Getting core dumps is easy as an admin. Dumping physical memory is also pretty easy on most systems (there are possible mitigations such as kernels with that functionality ripped out, only allowing signed kernel modules and so forth).

Going through memory is something that can be automated.

Now, is it possible that memory got freed and the OS allocator reallocated it to another program which overwrote the secret? Sure, but I wouldn't want to bet the contents of my password manager  on it.

Is it also possible that freeing the memory resulted in it never getting allocated to another program because it's still in the range that is being managed by the libc memory manager? Yes. In fact, it's very likely.

Closing the application would allow the OS to potentially dole it out again, but how often do people close frequently used apps? For most it's probably only slightly more often then they reboot, which is what, every few weeks or months?

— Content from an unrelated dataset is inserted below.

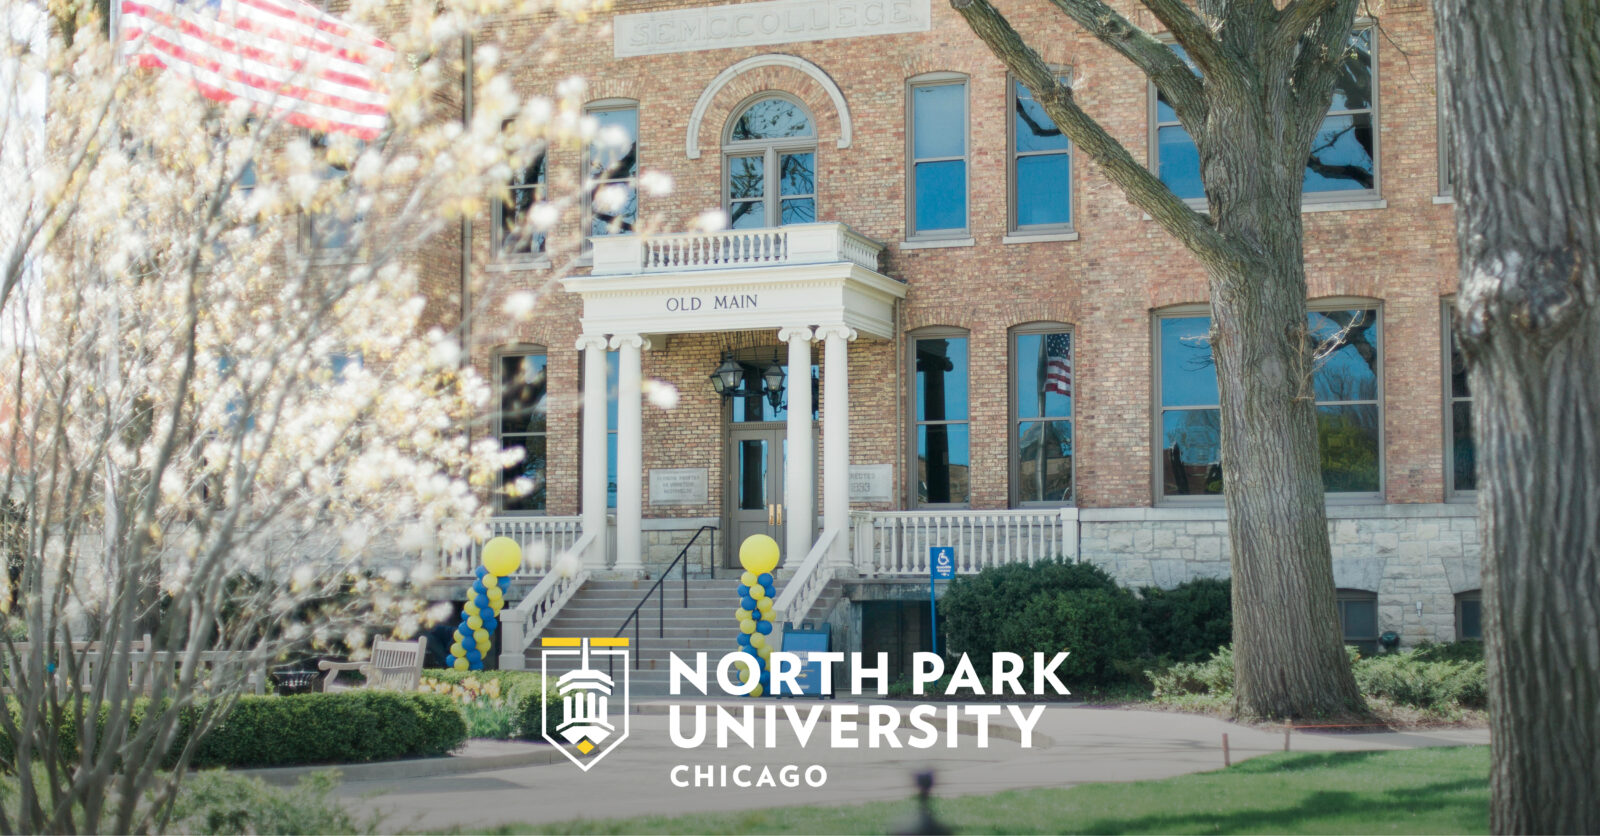 Lance Nelson - North Park University - Chicago, Illinois, United States

Is this attack likely? As in, does most publicly disclosed malware aitomatically do these things? No, but that doesn't mean it's not possible.

So for high security things, yeah, I'd say zeroing memory the held secrets when you're done with it is worth the effort. I'd probably rate it as a Low impact severity vulnerability. My scale is basically this:

High - Exploitable vulnerability, violates a main security objective
Medium - Could be chained with other hypothetical vulnerabilities to violate a security objective
Low - Best practices. Won't help violate a security objective, but may increase the impact if there are other, higher impact vulnerabilities

For context, I used to do application security reviews, most of which were cryptography related. 
 And yes, I have written a little proof-of-concept exploit to demonstrate this for a particular app. It only took a couple hours.